Микробы, попав в рану, проявляют свои патогенные свойства лишь через 6-8 ч с момента ранения. При первичной инфекции микробы, попав в рану, в течение 6-12 ч адаптируются к новым условиям, не выходя за пределы ее краев. Через 12-24 ч инфекция выходит за пределы раны, проникая в лимфатические и кровеносные сосуды, и способна проявить свои патогенные свойства. Вторичная инфекция ран является следствием нарушения правил асептики как при оказании первой помощи, так и на различных этапах лечения ран.

В течении раневого процесса различают три основных периода.

Первый период характеризуется расплавлением некротизированных тканей, секвестрацией их во внешнюю среду и очищением от раневого детрита. Продолжительность этого периода определяется объемом повреждения, степенью инфицированности раны, особенностями организма и составляет в среднем 3-4 суток.

Второй период — регенерация фиброплазии — начинается с 3-4 суток после ранения. Особенностью этого периода является развитие грануляционной ткани, постепенно заполняющей раневой дефект. Здоровые грануляции имеют зернистый вид, влажную блестящую поверхность, ярко-красный цвет. Патологические грануляции имеют гладкую поверхность, бледную окраску, выглядят вялыми, покрыты слоем фибрина.

В третьем периоде реорганизуются рубец и эпителизация начиная с 12-30 суток с момента ранения и характеризуются уменьшением числа сосудов, макрофагов и фибробластов.

Профилактику первичной инфекции проводят путем ранней активной хирургической обработки ран и применения антибактериальных препаратов.

Профилактика вторичной инфекции обеспечивается строжайшим соблюдением асептики на всех этапах лечения ран.

При асептическом течении раневого процесса температура тела не превышает 38°С и не сопровождается ознобом и учащением пульса.

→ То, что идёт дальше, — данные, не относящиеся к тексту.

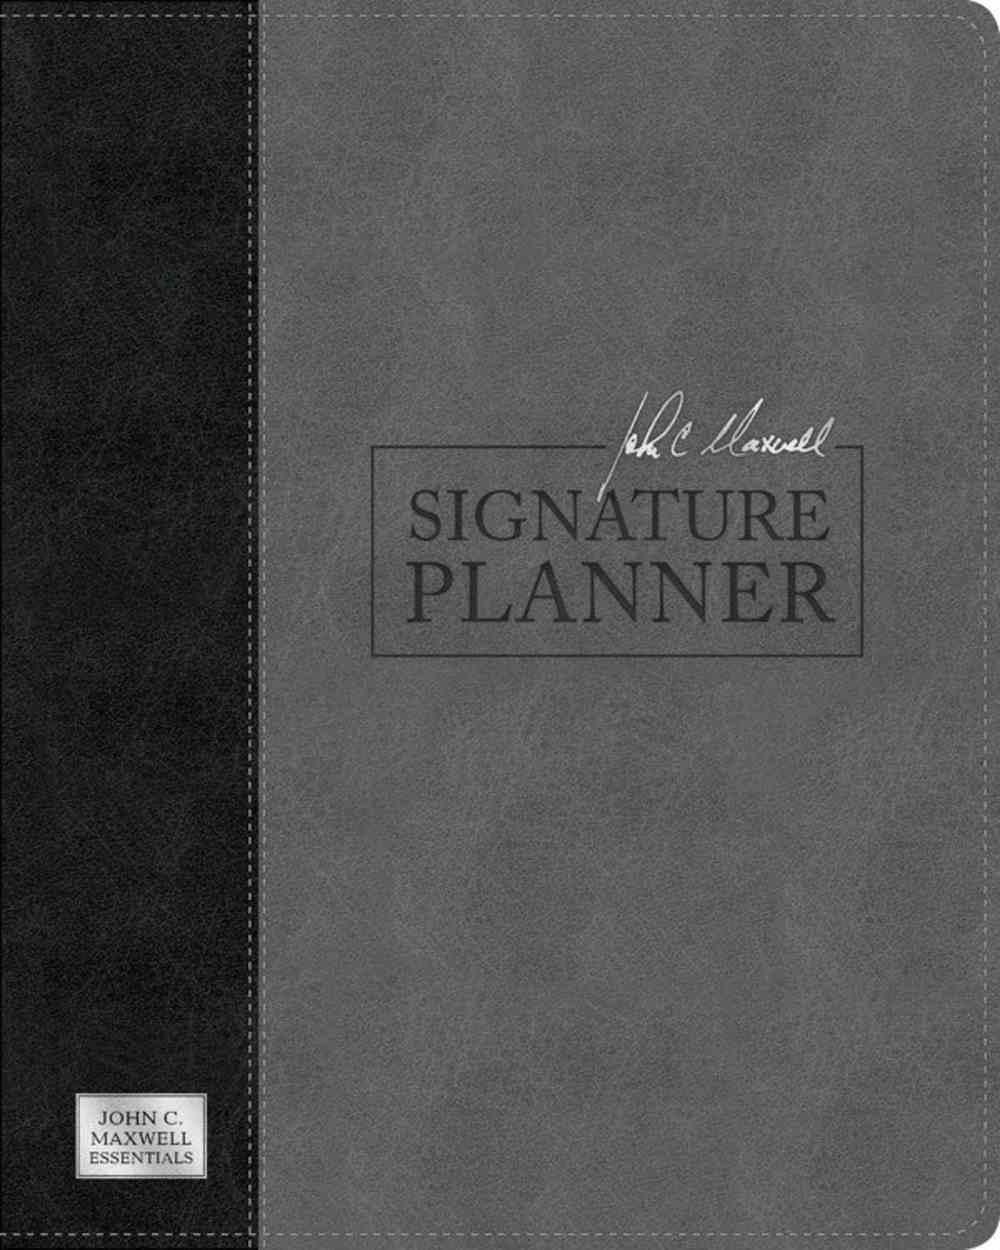 Undated Diary/Planner: John C. Maxwell Signature Planner Gray/Black Imitation Leather

Местные реакции на ранение подразумевают процесс, направленный на заживление раны, который зависит от следующих факторов:

Местные реакции при ранении, как и весь процесс заживления раны, складываются из двух последовательно развивающихся фаз: фазы гидратации и фазы дегидратации.

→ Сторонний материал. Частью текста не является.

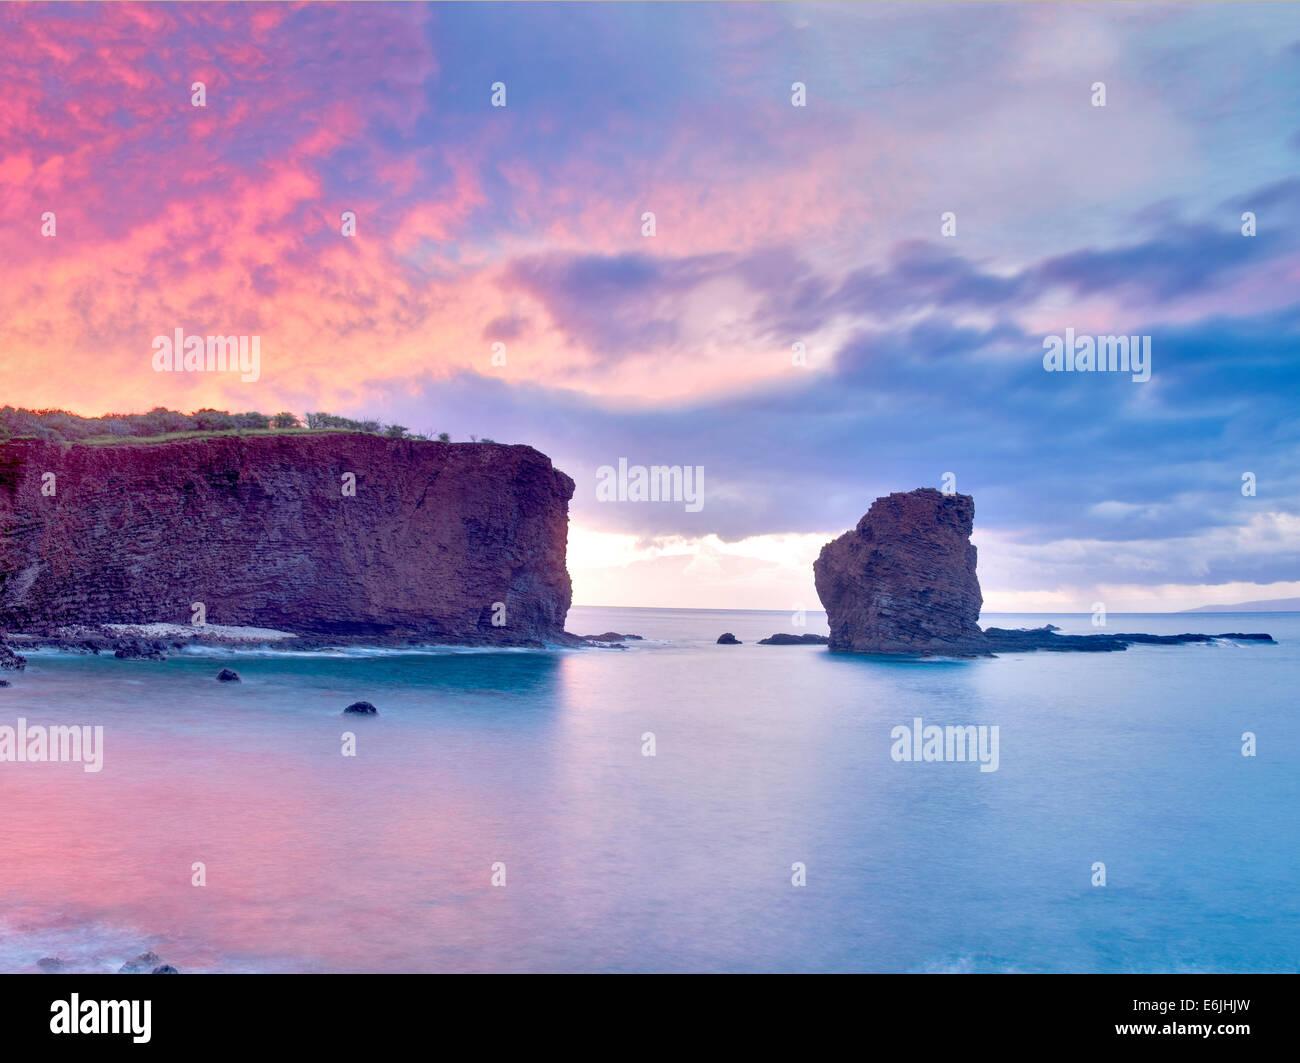 Sweetheart Rock at sunset. Lanai, Hawaii Stock Photo

Фаза гидратации характеризуется развитием местных реакций.

Фаза дегидратации. Вторая фаза раневого процесса характеризуется преимущественным развитием восстановительных регенеративных процессов.

Виды заживления ран

Различают два вида заживления ран: первичным и вторичным натяжением. Кроме того, существует еще заживление под струпом.

Первичным натяжением заживают раны при условии плотного соприкосновения их краев, в срок от 6-8 суток. Такое заживление характеризуется сращением краев раны без макроскопически видимой промежуточной ткани. Условиями, необходимыми для заживления раны первичным натяжением, являются:

· жизнеспособность тканей;

· плотное соприкосновение краев раны;

· отсутствие инфекции;

· отсутствие гематом, инородных тел и некроза в области раны.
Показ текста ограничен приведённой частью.